++++ DATA BLOCK

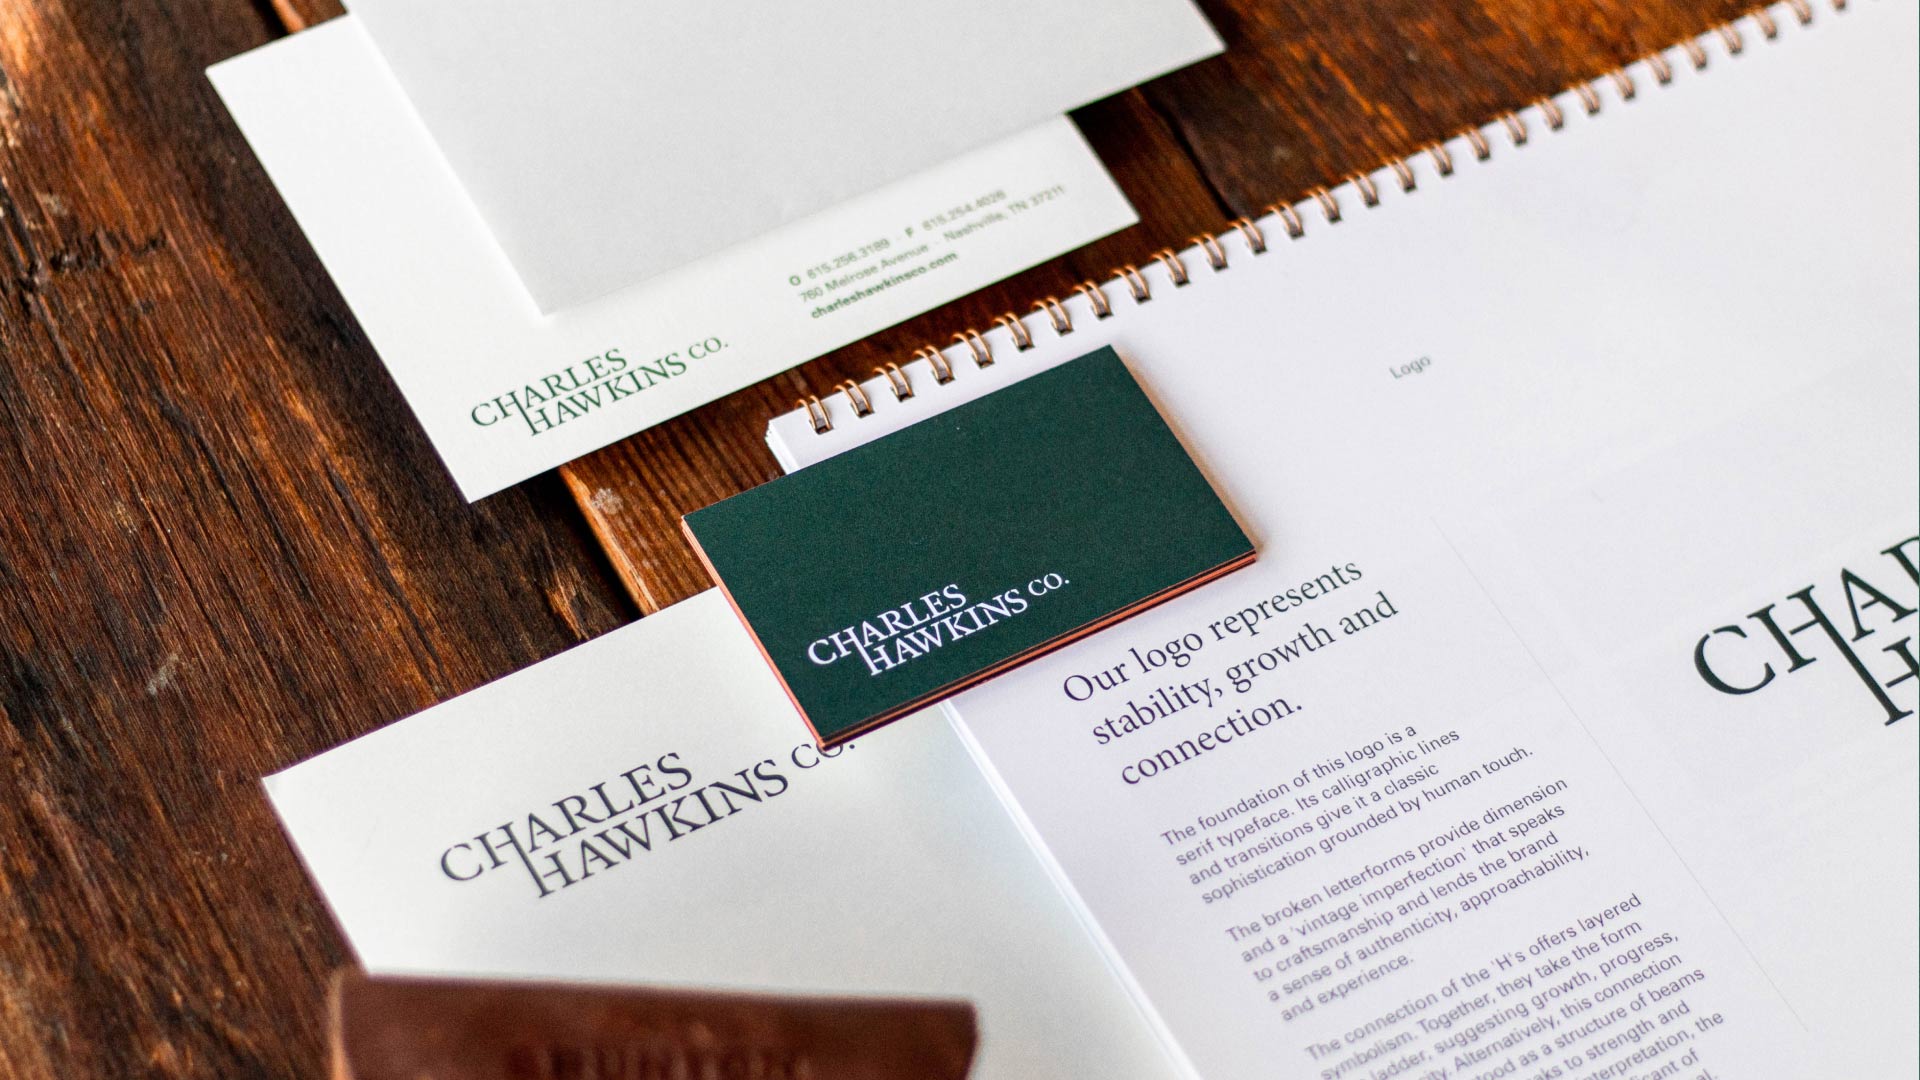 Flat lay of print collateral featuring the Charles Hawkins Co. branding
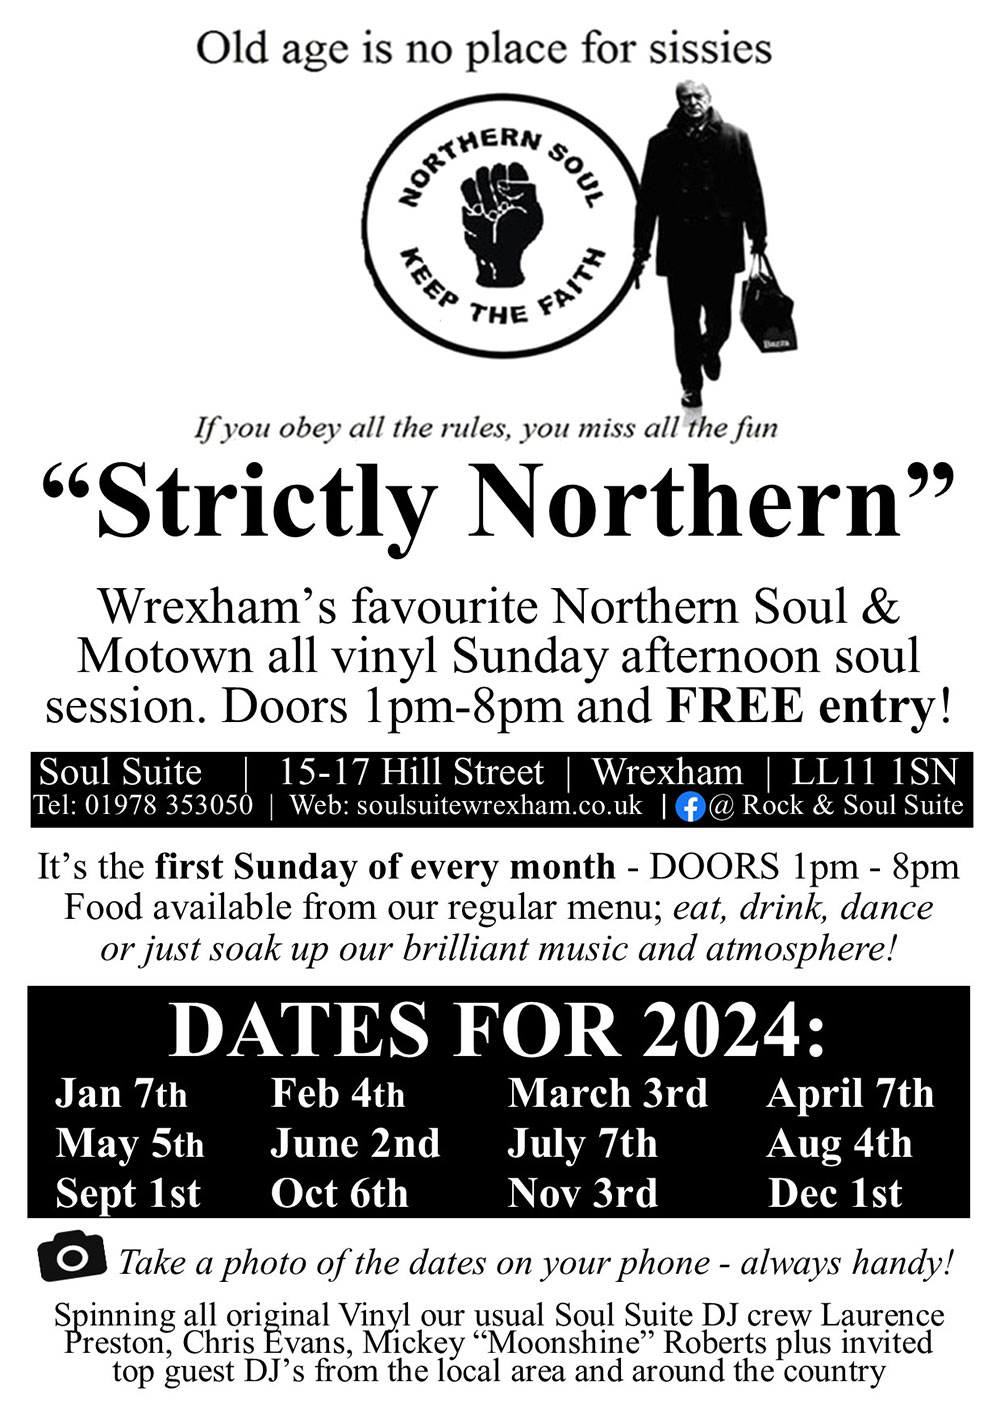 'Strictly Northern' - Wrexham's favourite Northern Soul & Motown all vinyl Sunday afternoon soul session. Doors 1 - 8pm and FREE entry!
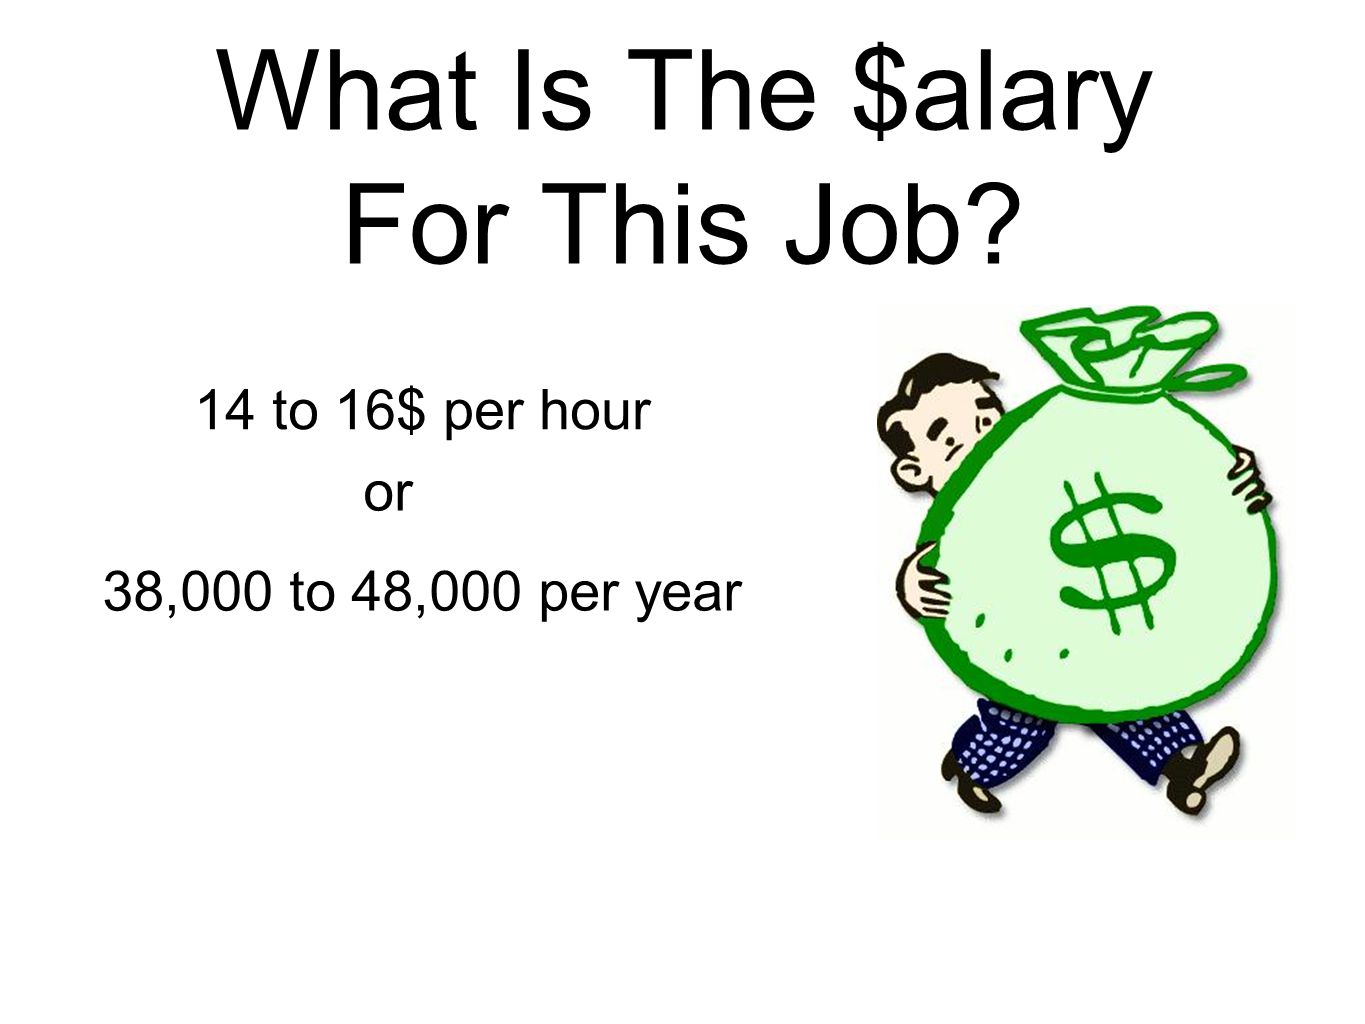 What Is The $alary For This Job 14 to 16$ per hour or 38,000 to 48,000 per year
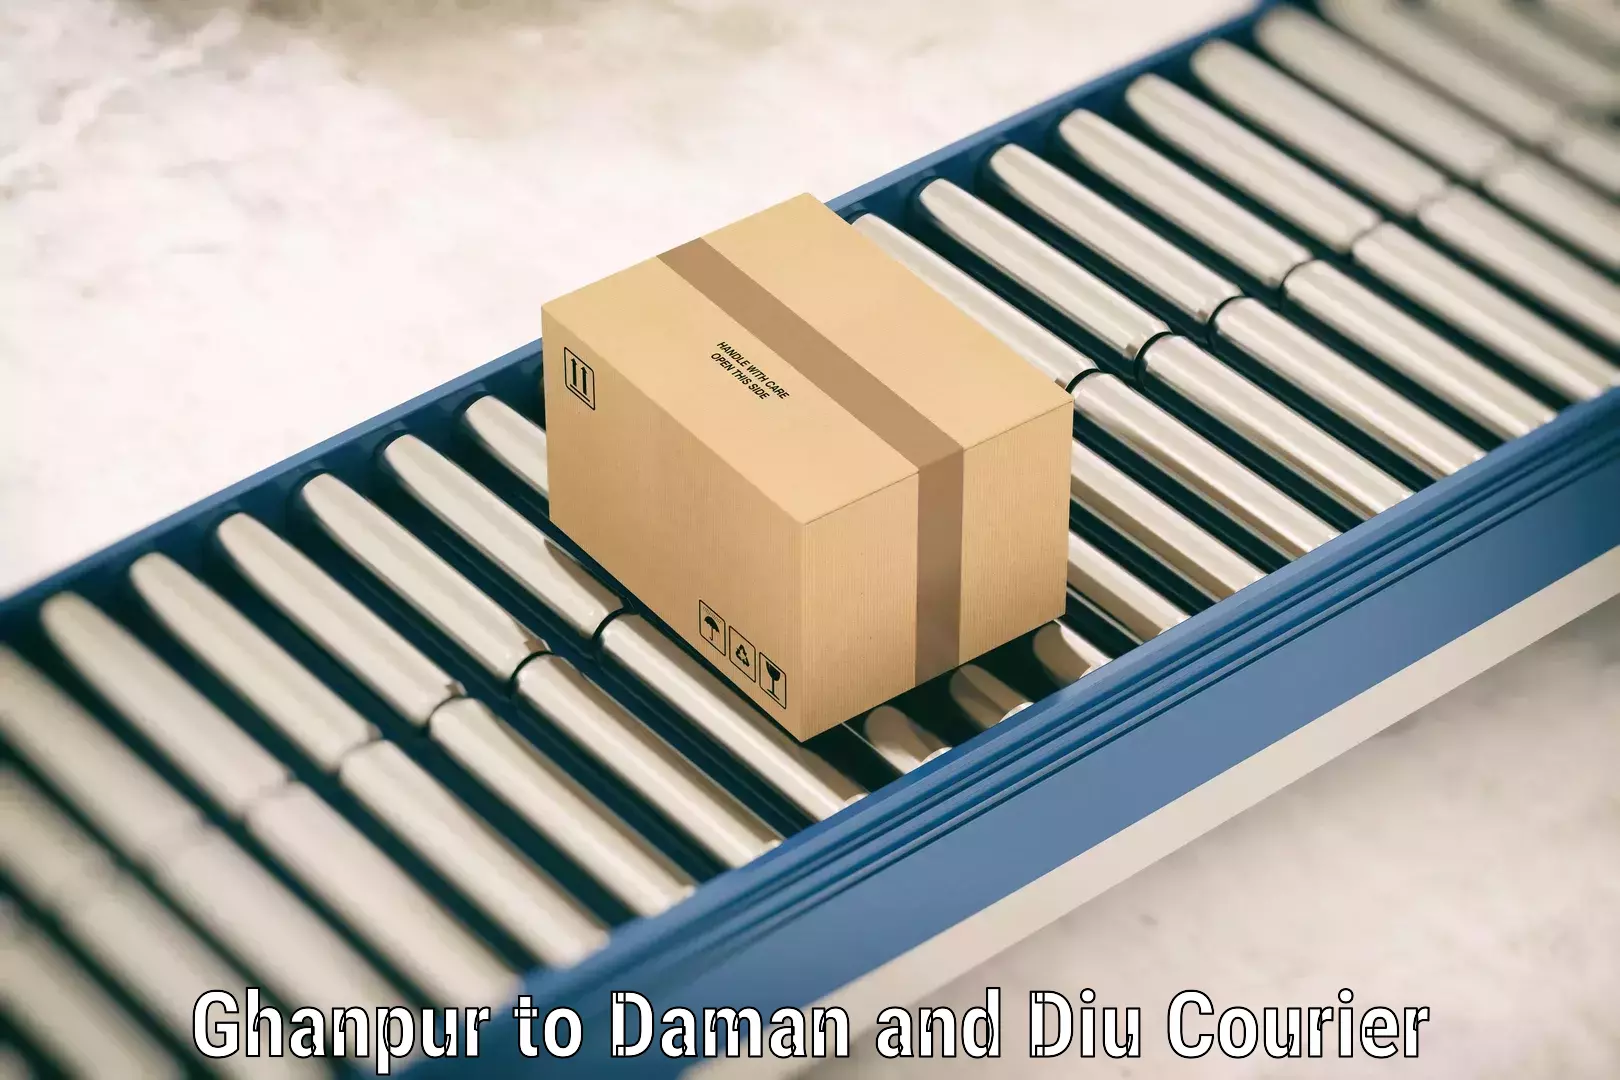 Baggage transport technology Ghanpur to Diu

++++++++

● ABOUT THIS EXERCISE
Copy only what lies between the start of the listing above and the line containing "What Is The", inclusive of both ends, exactly as written, and drop the pictures.

● RESULT BELOW
 Flat lay of print collateral featuring the Charles Hawkins Co. branding
 'Strictly Northern' - Wrexham's favourite Northern Soul & Motown all vinyl Sunday afternoon soul session. Doors 1 - 8pm and FREE entry!
 What Is The $alary For This Job 14 to 16$ per hour or 38,000 to 48,000 per year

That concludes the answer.